The launch of this service follows on from the successful roll-out of Zain’s ‘Zap’ mobile commerce service across Africa.

Red Bull Mobile to launch branded reseller in South Africa in Q1

Energy-drinks company Red Bull is set to launch a branded mobile reseller service in South Africa, utilising Cell C’s network. The launch would be the country’s second ‘virtual’ operator behind Virgin Mobile, which also uses Cell C as its infrastructure backbone.

Red Bull Mobile is set to launch in the first quarter and Cell C is understood to be actively courting virtual operators interested in launching in South Africa. Well-placed sources close to Cell C are reported to have said that Red Bull Mobile will offer both voice and wireless broadband services.

Unlike Virgin Mobile, Cell C will not hold an equity stake in Red Bull Mobile. Cell C holds a 50 per cent stake in Virgin Mobile South Africa. However, Cell C is in the process of selling its stake in the Virgin Mobile business to mobile distributor Allied Mobile.

Red Bull has already launched virtual services in Switzerland, Hungary and its home market of Austria and has reportedly signed a deal to launch a similar product in Germany. South Africa will be the first country outside Europe where Red Bull Mobile will be launched.

China Unicom issues profit warning

China Unicom has issued a profits warning statement and has said that it now expects its net profit for 2010 to be more than halved compared to the previous year.

Although the operator’s revenue grew rapidly in 2010, the China Unicom says there is high pressure on its earning in 2010 due to the fast increase of depreciation and amortisation, networks, operations and support expenses, as well as selling expenses, particularly the 3G handset subsidy, in relation to the initial operation stage of the company’s 3G business.
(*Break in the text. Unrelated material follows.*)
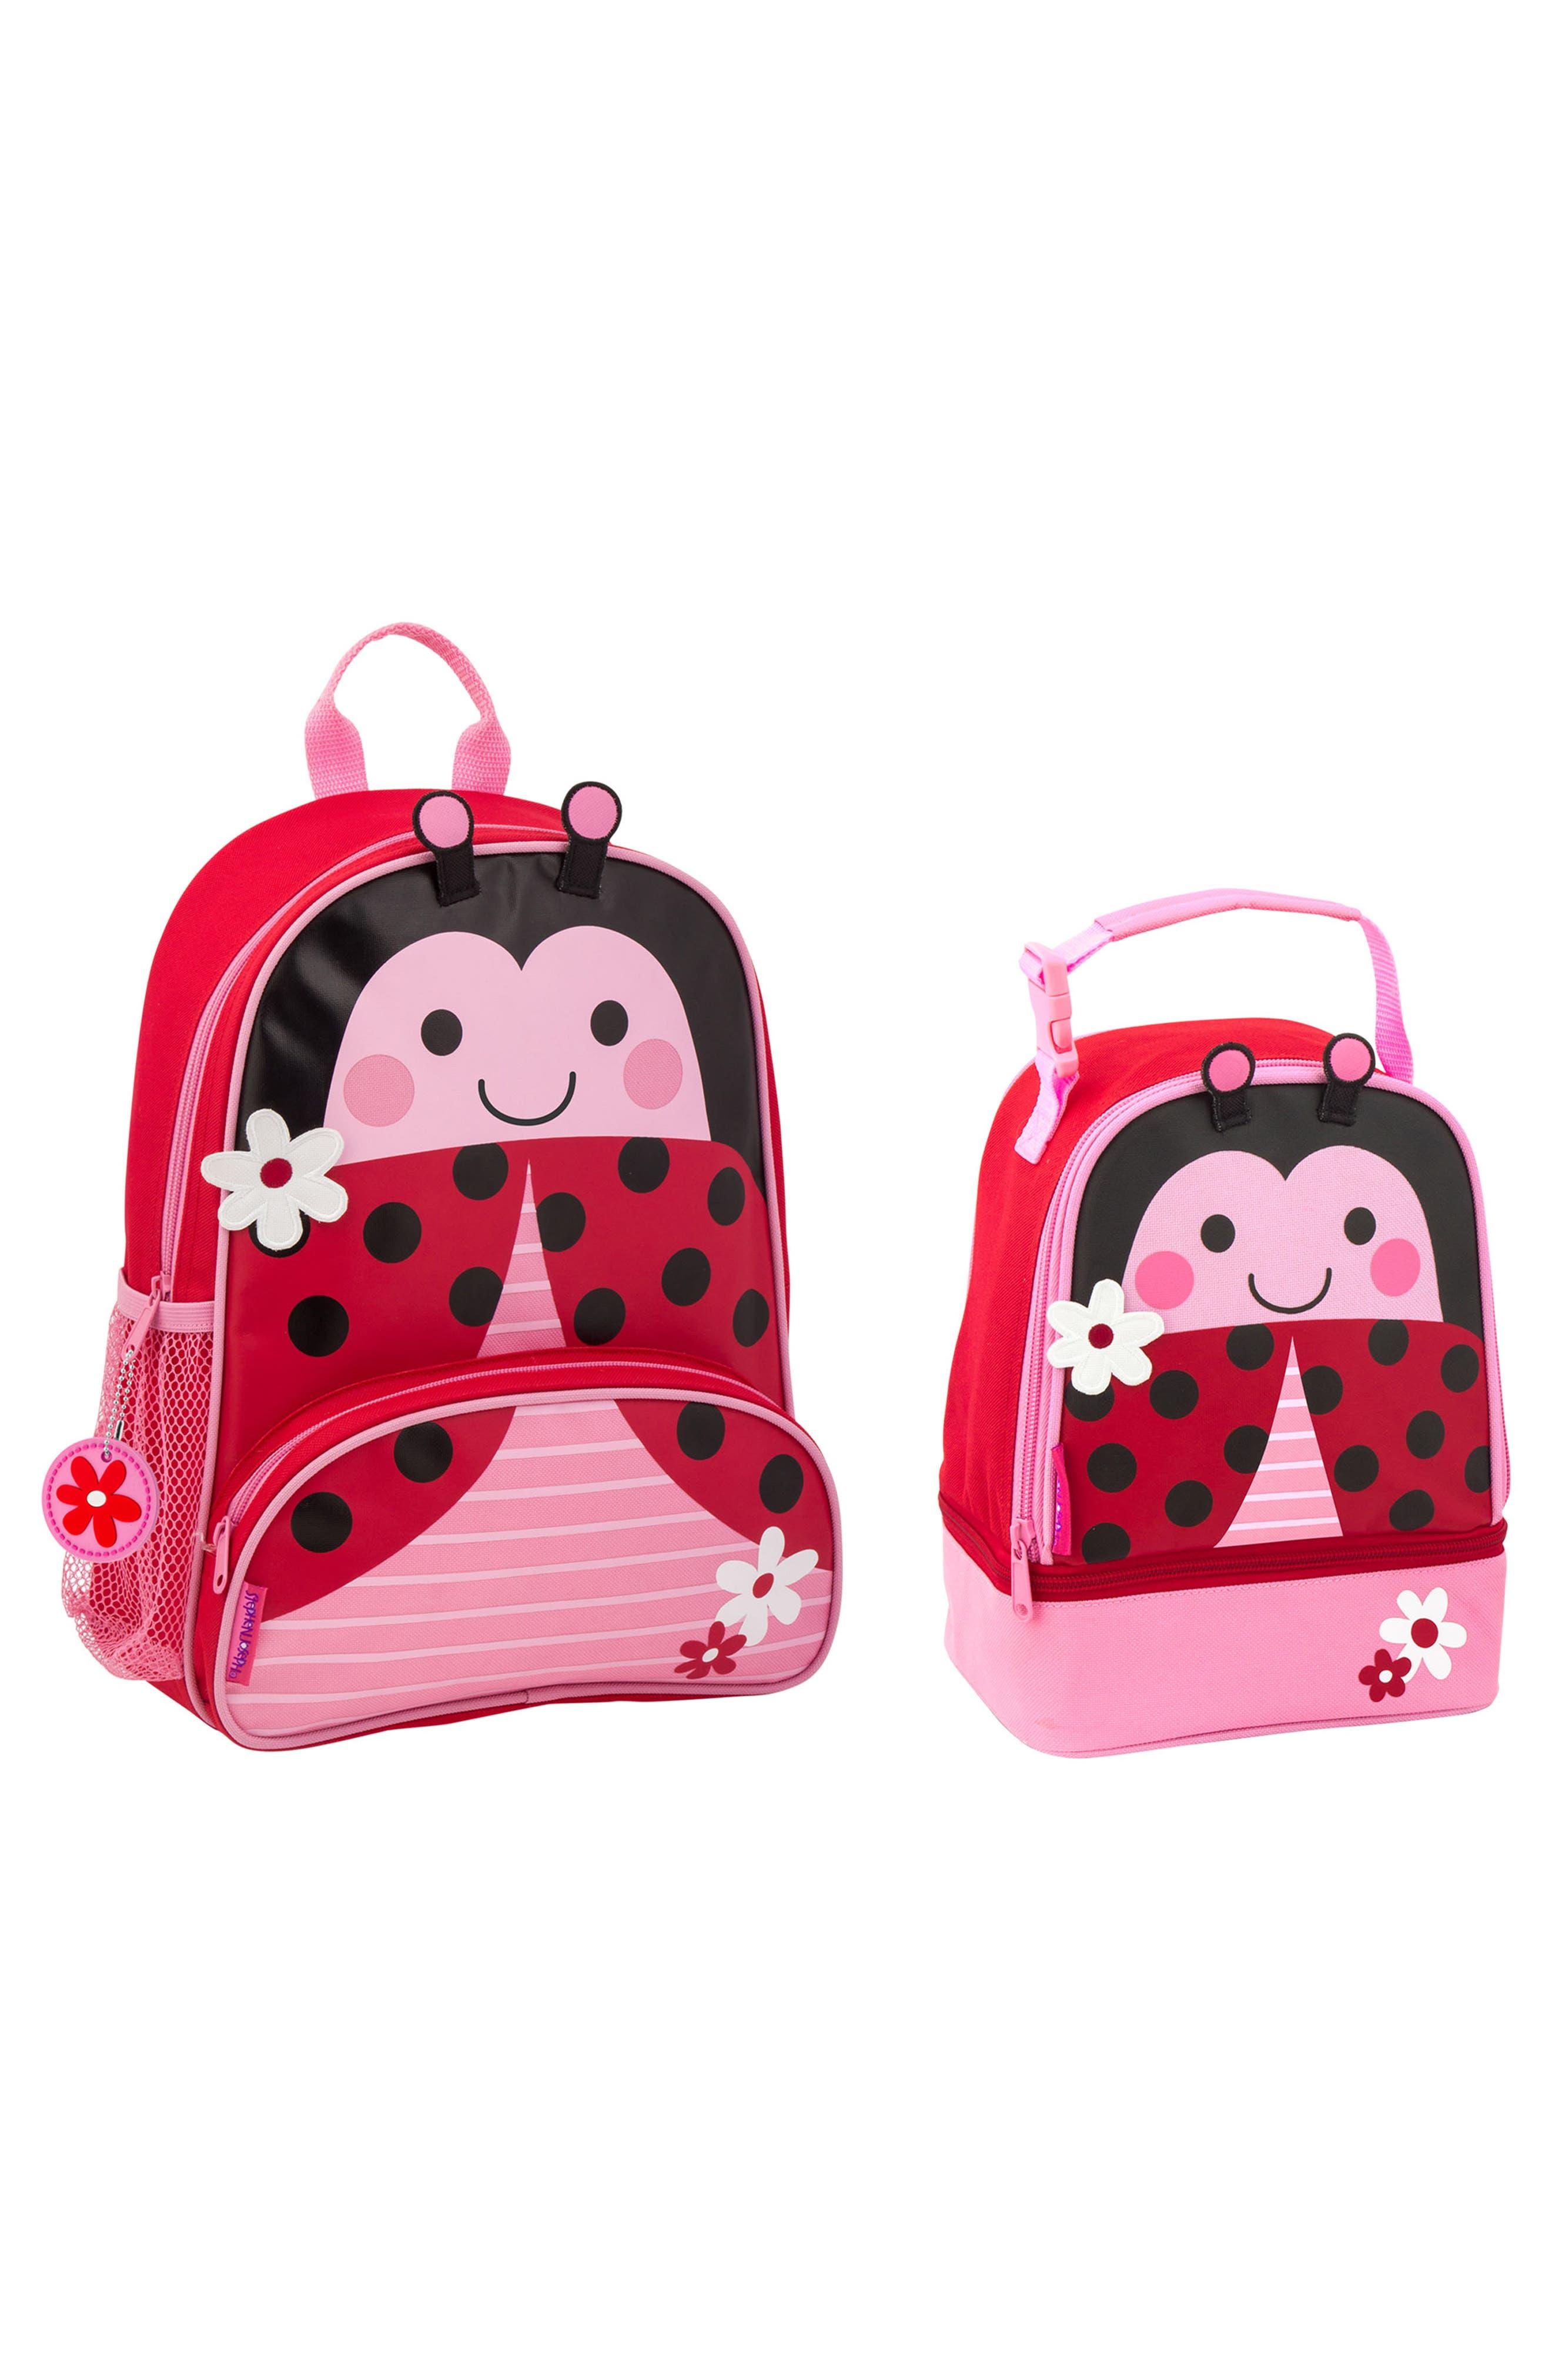 STEPHEN JOSEPH Ladybug Sidekick Backpack & Lunch Pal, Main, color, LADYBUG

The drop in profits compared to 2009 comes on top of the fact that 2009’s profits were themselves sharply down on 2008, by 73 per cent.

MTN denied 3G concession in Swaziland

MTN has had its application for a 3G licence in Swaziland rejected by the Swaziland Posts and Telecommunications Corporation (SPTC), which also managed the regulatory regime in the country.

SPTC did not say why the licence application was rejected. MTN Swaziland’s CEO, Ambrose Dlamini had said last year that the company was at an advanced stage in negotiations for a 3G licence and had hoped to have it awarded by the end of last year.

MTN has been lobbying for an independent regulator in Swaziland for some years, saying that the combination of telco and regulator causes obvious conflicts of interest. MTN previously dropped its objection to SPTC building a fixed wireless network, in exchange for the government pressing ahead with splitting the phone company from its regulatory role.

SPTC is also the majority shareholder of MTN Swaziland with a 51 per cent stake. Of the remainder, 30 per cent is owned by South Africa’s MTN and 19 per cent by the local Swaziland Empowerment group.